Как это обычно бывает, во время простого серфинга мне попался сайт
www.gamestyle.ru. Чутье мне подсказало - где-то тут есть ошибки.
Недолго думая я приступил к анализу. Зарегистрировал пользователя tester,
вошел в систему и начал смотреть, выискивая взглядом различные уязвимые места.

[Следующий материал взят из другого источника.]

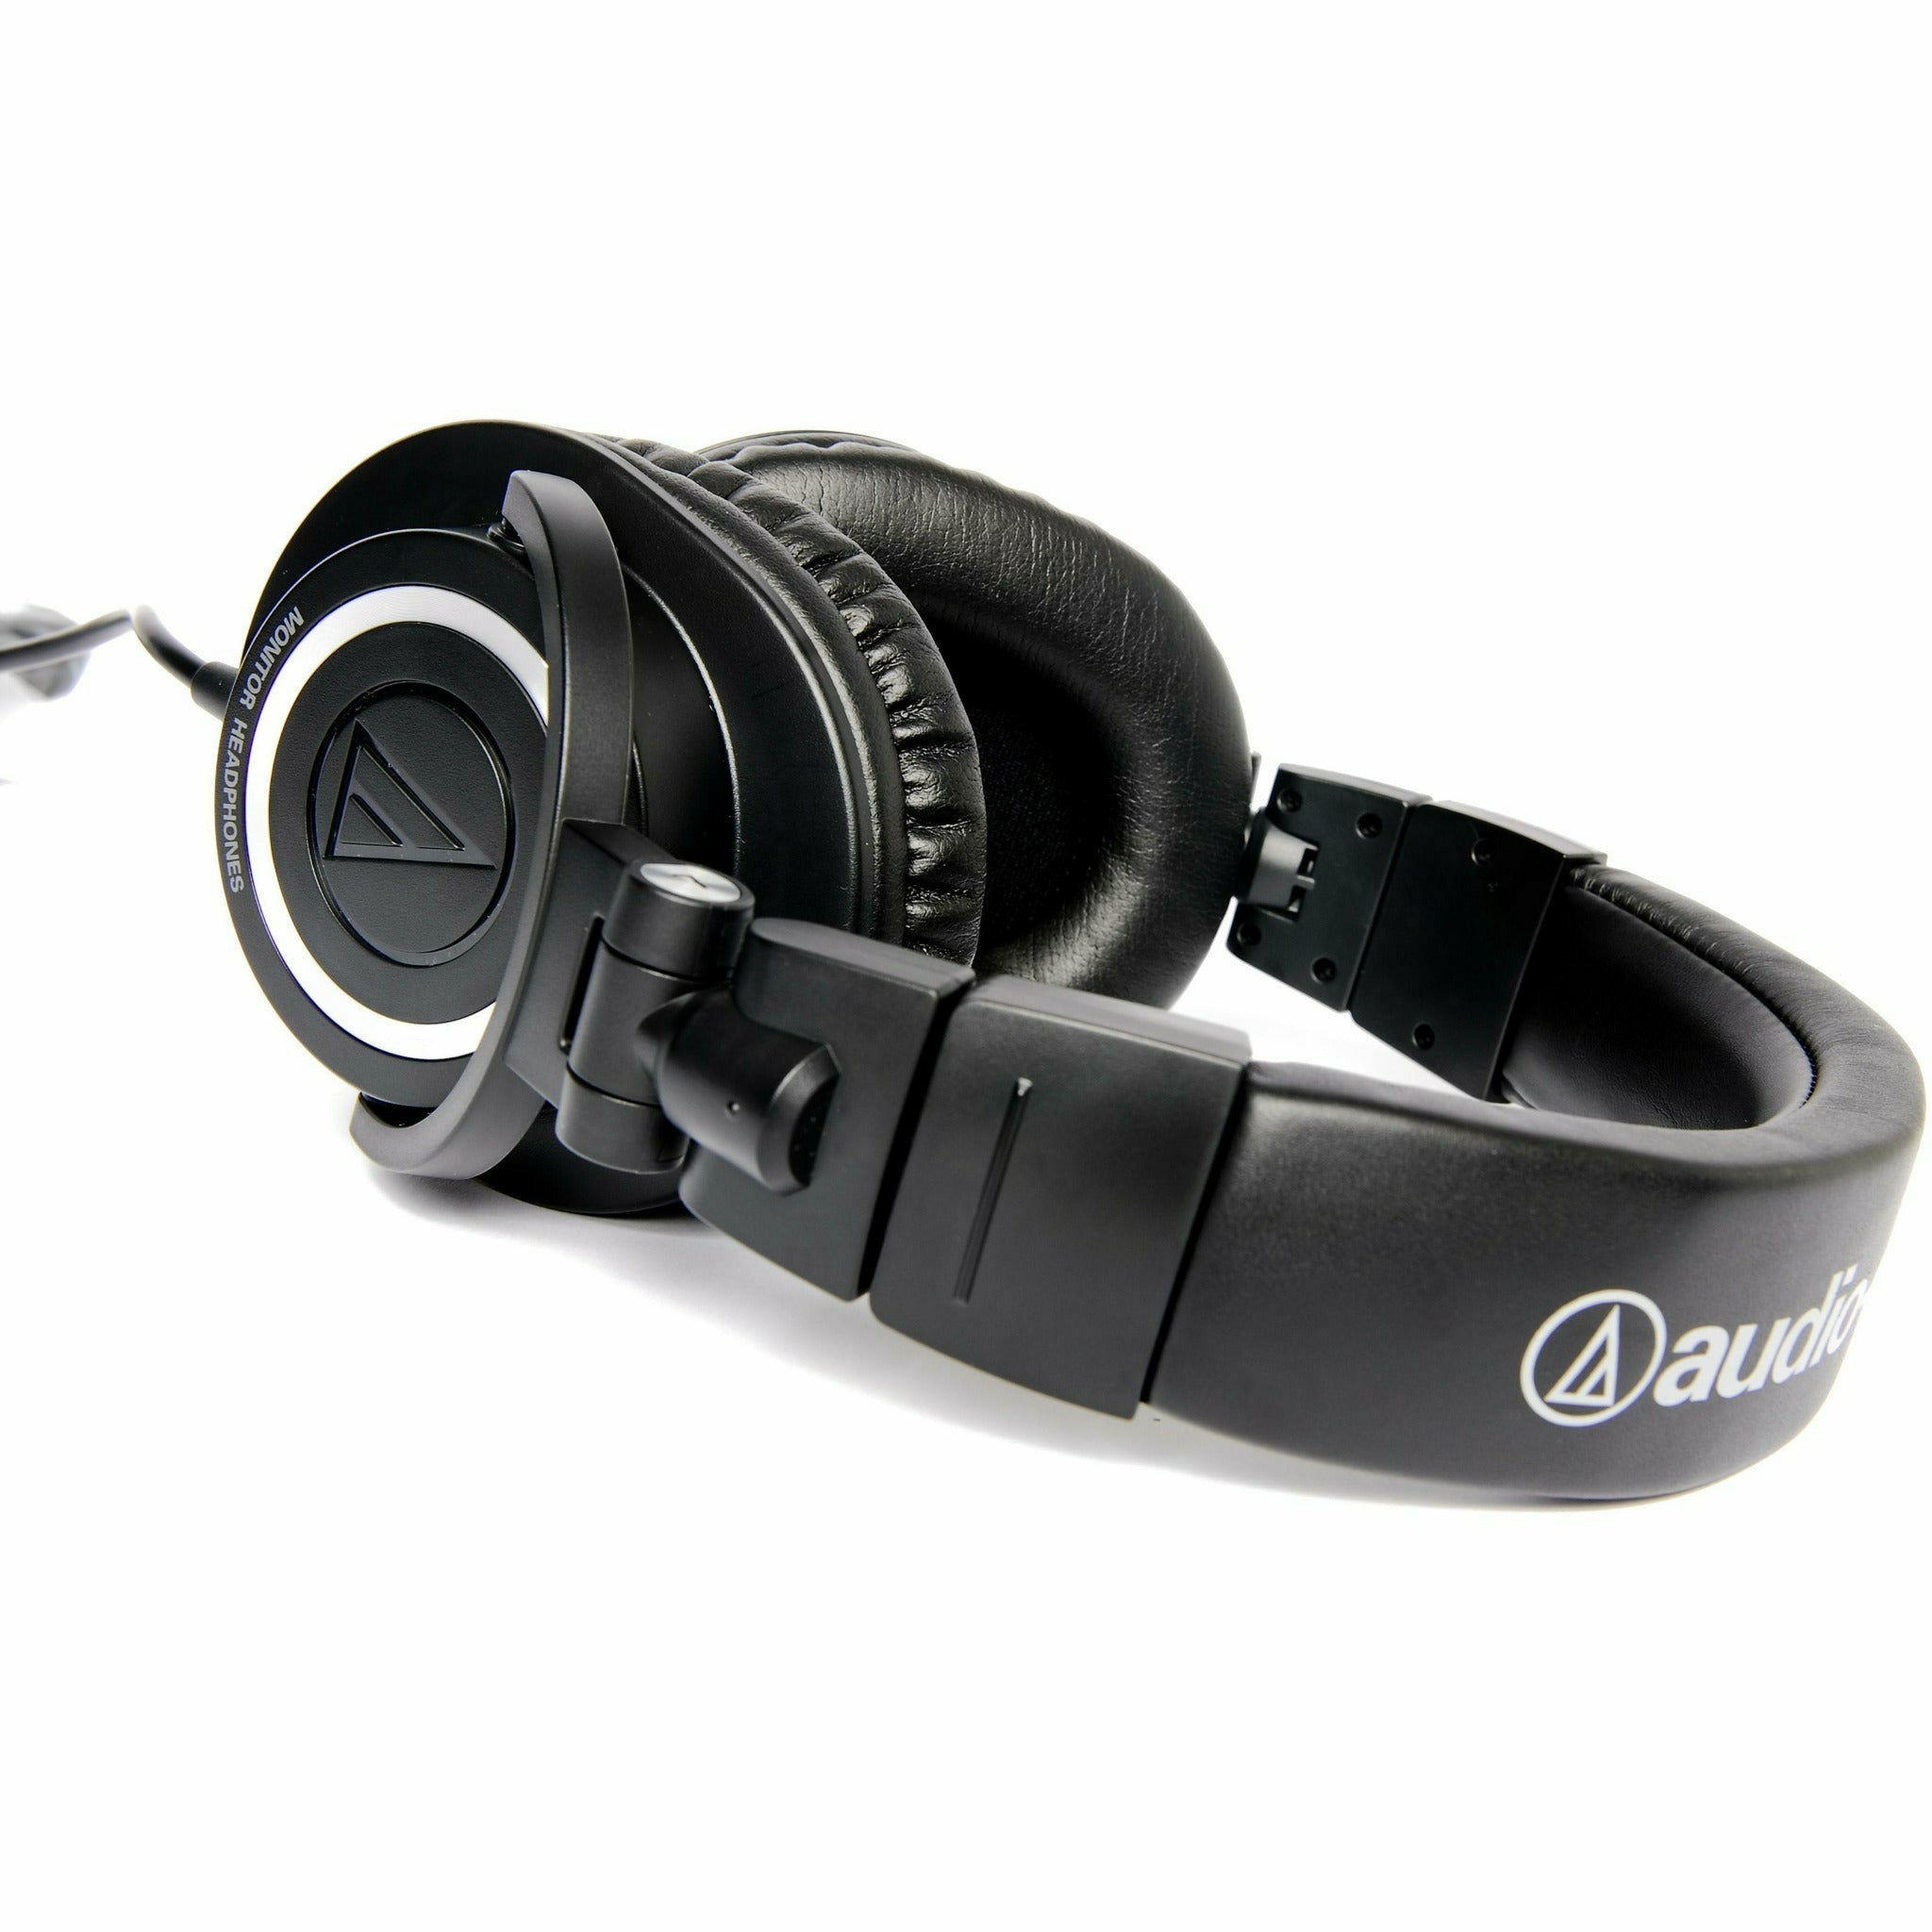 Audio-Technica ATH-M50x Monitor Headphones (Black) - Dragon Image
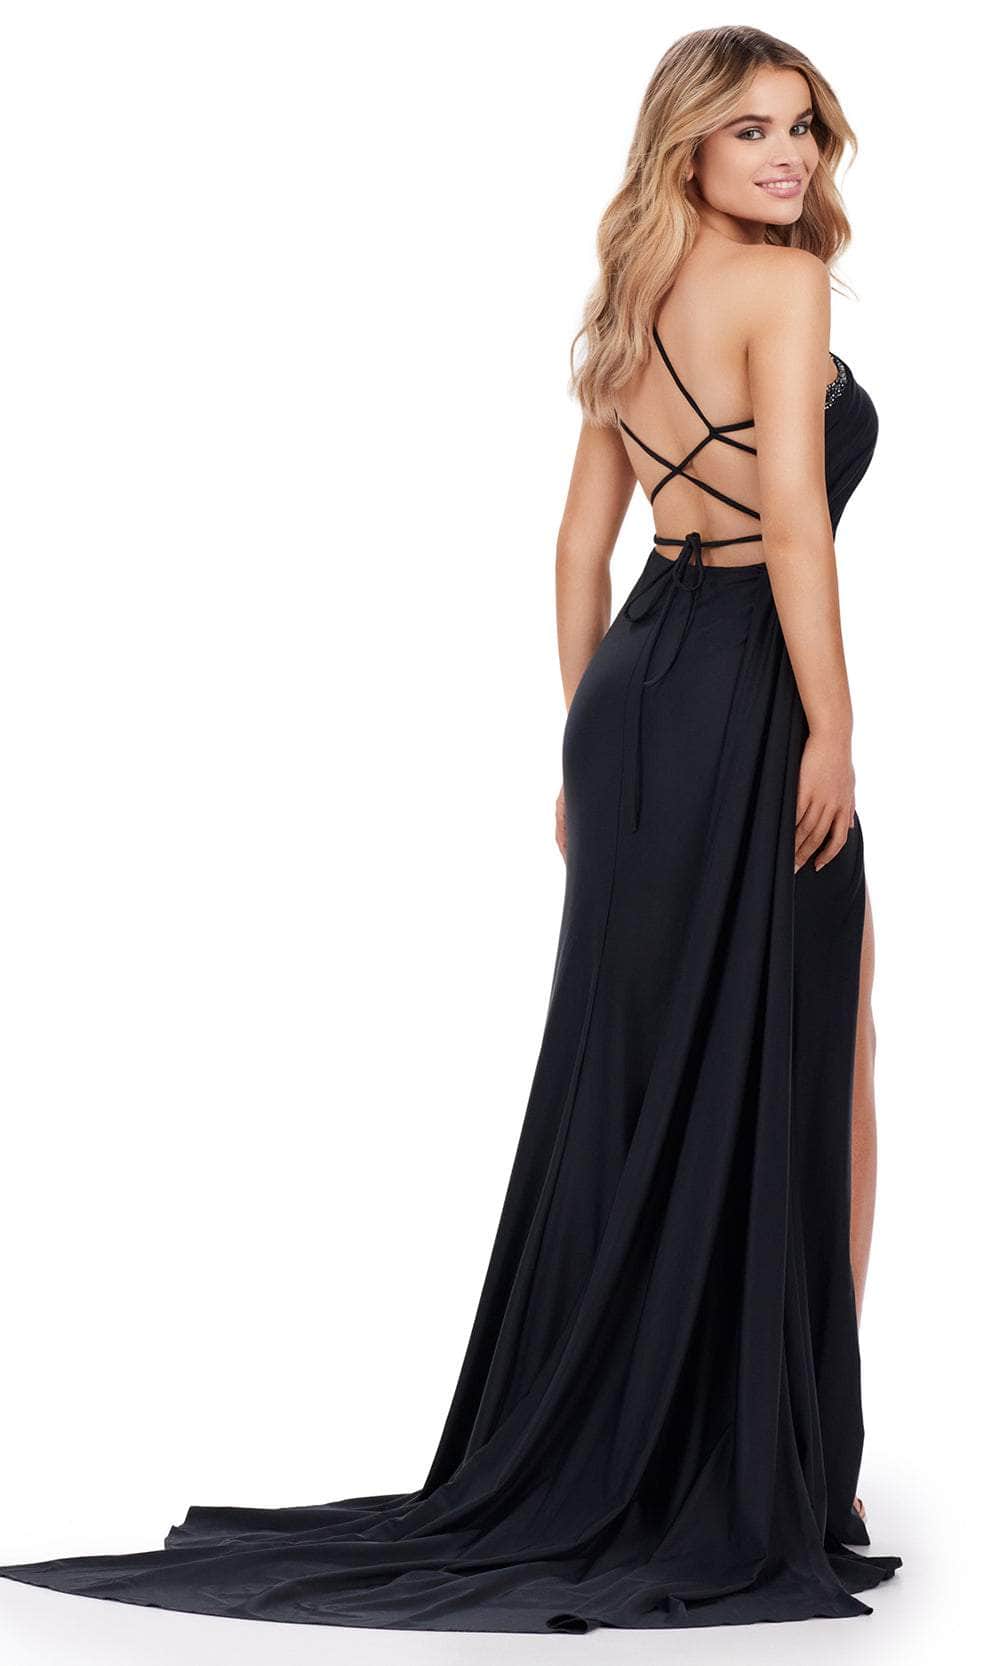 Ashley Lauren 11539 - Asymmetrical Neck Crystal Beaded Gown Prom Dresses

После недолгого осмотра ресурса был найден скрипт статистики www.gamestyle.ru/rating.php,
которому передавался параметр id. Подставив символ ' к значению я получил
грязное ругательство mysql. Причем он не просто ругнулся, а показал весь запрос,
что было мне только на руку, ибо я видел сколько полей требуется.
Запрос был изменен до простого:
www.gamestyle.ru/rating.php?act=catselect&id=-1/**/UNION/**/SELECT/**/1,2
который и показал мне цифру 2 на страничке.
После этого цифру 2 я заменил на version(), чтоб точнее определить, с чем я
имею дело.
Неплохо было бы найти в базе табличку с юзерами. Префикс, судя по всему,
отсутствовал, но проверить было бы неплохо. "Соседний" скрипт оказался уязвим
тоже и он с радостью выдал мне названия таблиц "ut_game_settings", "ut_game_genres",
"ut_companies", что привело к мысле о префиксе "ut_" у таблиц этого непонятного
мне движка.
После этих рассуждений я смело вернулся к бажному скрипту в который и
подставил SELECT из таблицы ut_users. И я не прогадал. Действительно, по запросу
www.gamestyle.ru/rating.php?act=catselect&id=-1/**/UNION/**/SELECT/**/1,name/**/FROM/**/ut_users
я получил пустую строку. Но как имя пользователя может быть пустым?
Единственный вариант — поле name в таблице ut_users — это реальное имя
пользователя, а не его логин.
Я попробовал выдернуть первый пароль из базы. Запрос
www.gamestyle.ru/rating.php?act=catselect&id=-1/**/UNION/**/SELECT/**/1,password/**/FROM/**/ut_users
вернул мне обычный md5-хэш из базы. Но логин оставался неизвестным. Стоило
лишь предположить, что в таблице существует поле login. И вот чудо -
интуиция меня не подвела! Запрос
www.gamestyle.ru/rating.php?act=catselect&id=-1/**/UNION/**/SELECT/**/1,login/**/FROM/**/ut_users
выплюнул имя пользователя Outlaw.
Но что бы сделать с этим хэшем? Логично было бы посмотреть куки. В них
хранилось имя пользователя и хэш пароля. Я решил, что раз ошибки с
SQL-инъекциями у программиста имеются — то и тут меня может ожидать удача. Имя
пользователя в куках было изменено на Outlaw, пароль — на полученный ранее хэш.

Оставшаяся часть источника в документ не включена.